Liza Maza, the General Secretary of the ILPS, argued that competing economic and geopolitical interests of global powers, especially of the US, are driving wars and militarism. Maza expounded on the importance of the Asia Pacific to US economic interests, as “the fastest growing region of the world economy, an important source of raw materials and cheap labour, and site for investment, with a [vast market from its] population of 4.7 billion people.” Meanwhile, the disputed South China Sea is also crucial to China’s maritime trade.
Maza also stressed that the US and China’s economic rivalry are expressed through military aggression in the region. The war in Ukraine is another flashpoint of rivalry between global powers, with the US and North Atlantic Treaty Organisation (NATO) on one hand, and Russia on the other.
Maza concluded: “The post-Cold War unipolar world characterised by sole US dominance is eroding. We are now in a multipolar world where there exists other centres of power, like China and Russia. But history and our current realities show that the US remains the most aggressive and plunderous imperialist country.”
The US remains the world’s top military spender with USD 877 billion expenditure in 2022, even exceeding the combined expenditure of the next top ten countries by military spending. In 2021, US arms companies accounted for more than half of the world’s total arms sales. It maintains around 750 military bases in at least 80 countries. The US also exercises its power through its post-9/11 “War on Terror” and aggressive sanctions.

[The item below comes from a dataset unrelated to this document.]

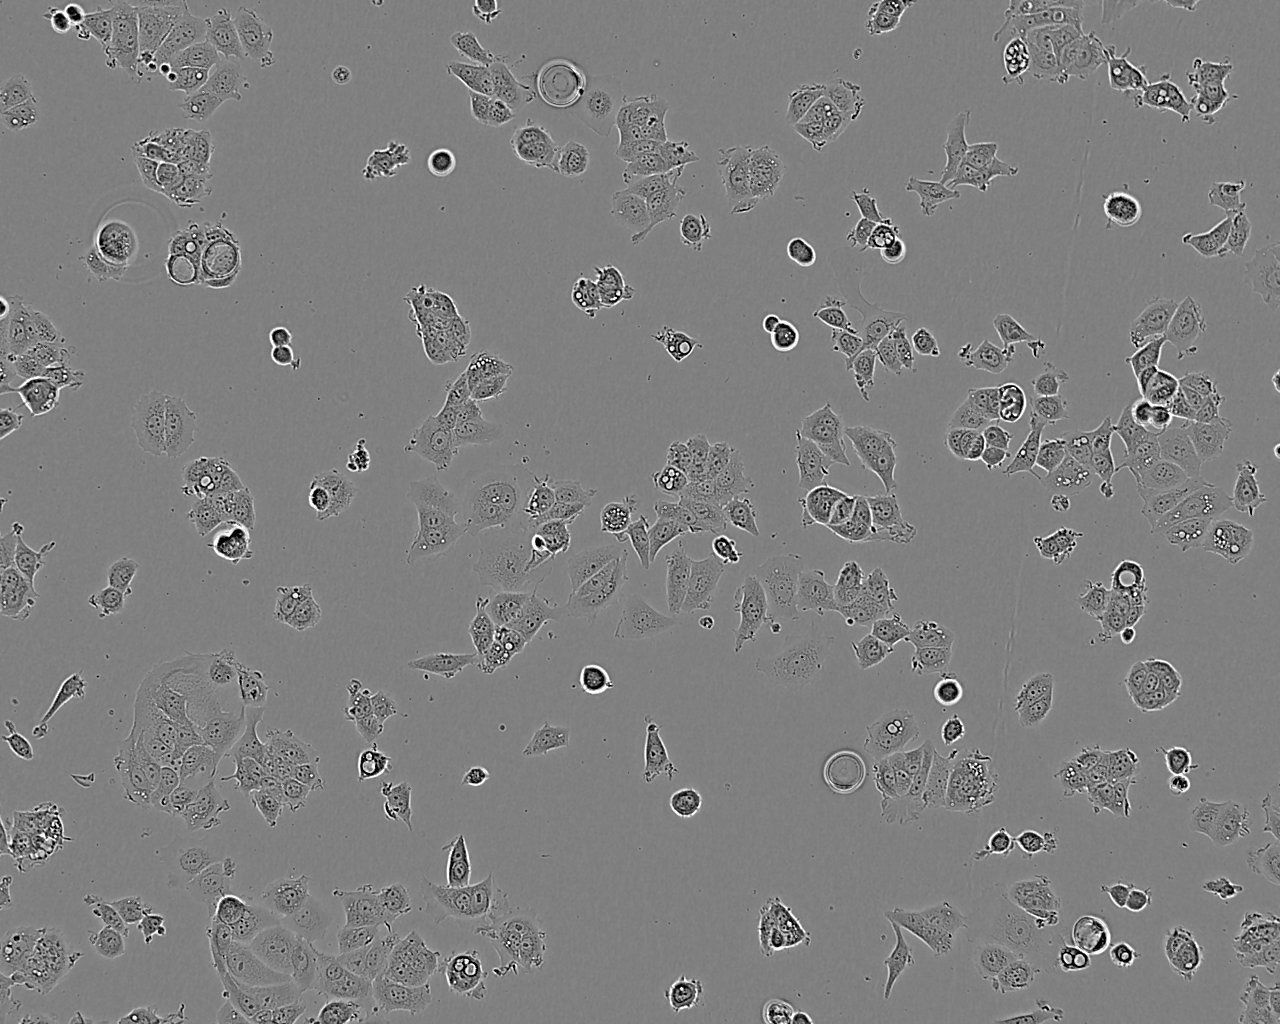 M20 [Human melanoma] epithelioid cells人胚胎皮肤细胞系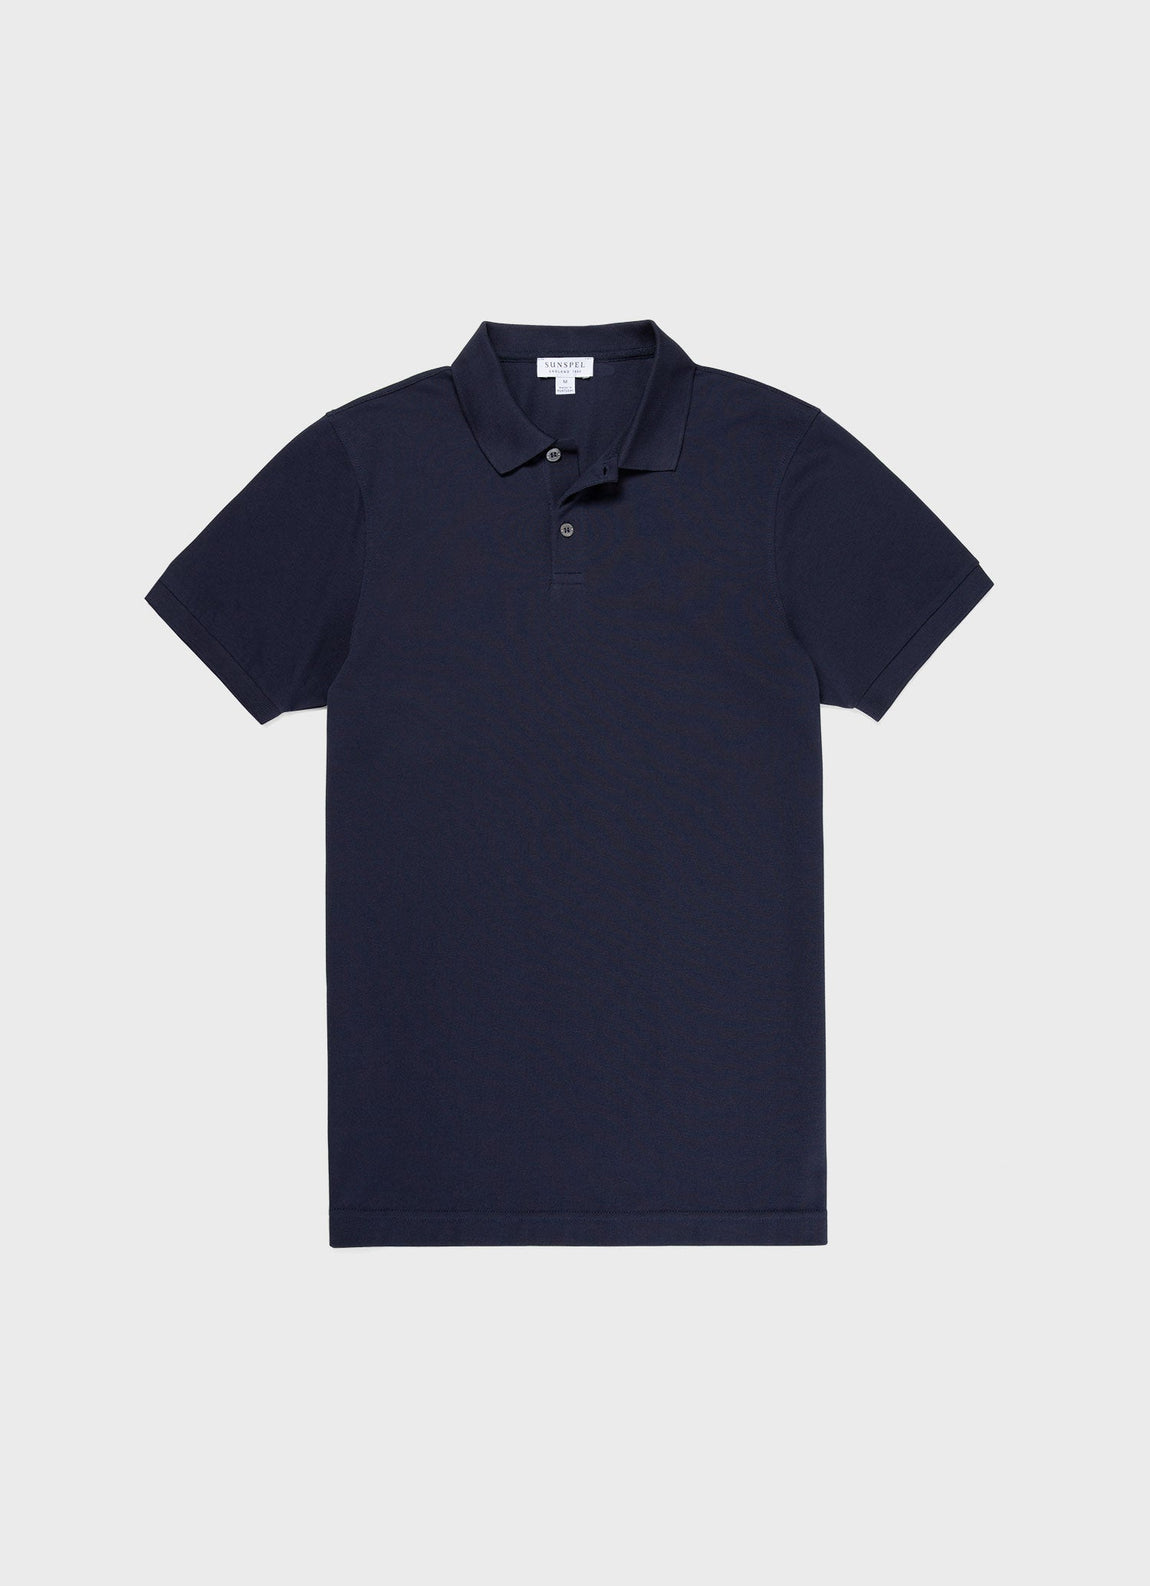 Men's Piqué Polo Shirt in Navy | Sunspel

Rochelle Porras, the Executive Director of EILER, focused on the plight of workers under prevailing neoliberalism in 2023. “There is a stark contrast between the growing wealth of capitalists in the US and the rest of the global North, and the historical decline in workers’ wages, especially in the global South. Neoliberal policies, such as labour flexibilisation and deregulation of wages, imposed by the IMF and World Bank for decades, have created these realities,” Porras said.
Porras also highlighted the importance of strikes and actions to realise demands for economic and democratic rights. “By unionising, workers are able to realise their collective power to defend and fight for their rights to living wages and better working conditions,” she said. Unionisation, strikes, and people’s actions have expanded across the world, with estimates showing at least 12,500 protest events in 148 countries against high energy and food prices in 2022.
The forum also called for support for the workers’ strike at a Nestlé-owned Wyeth Nutrition factory in Canlubang, Laguna province, southern Luzon region, as 145 workers were suddenly laid off by the corporation. The striking workers were members of the Wyeth Philippines Progressive Workers Union.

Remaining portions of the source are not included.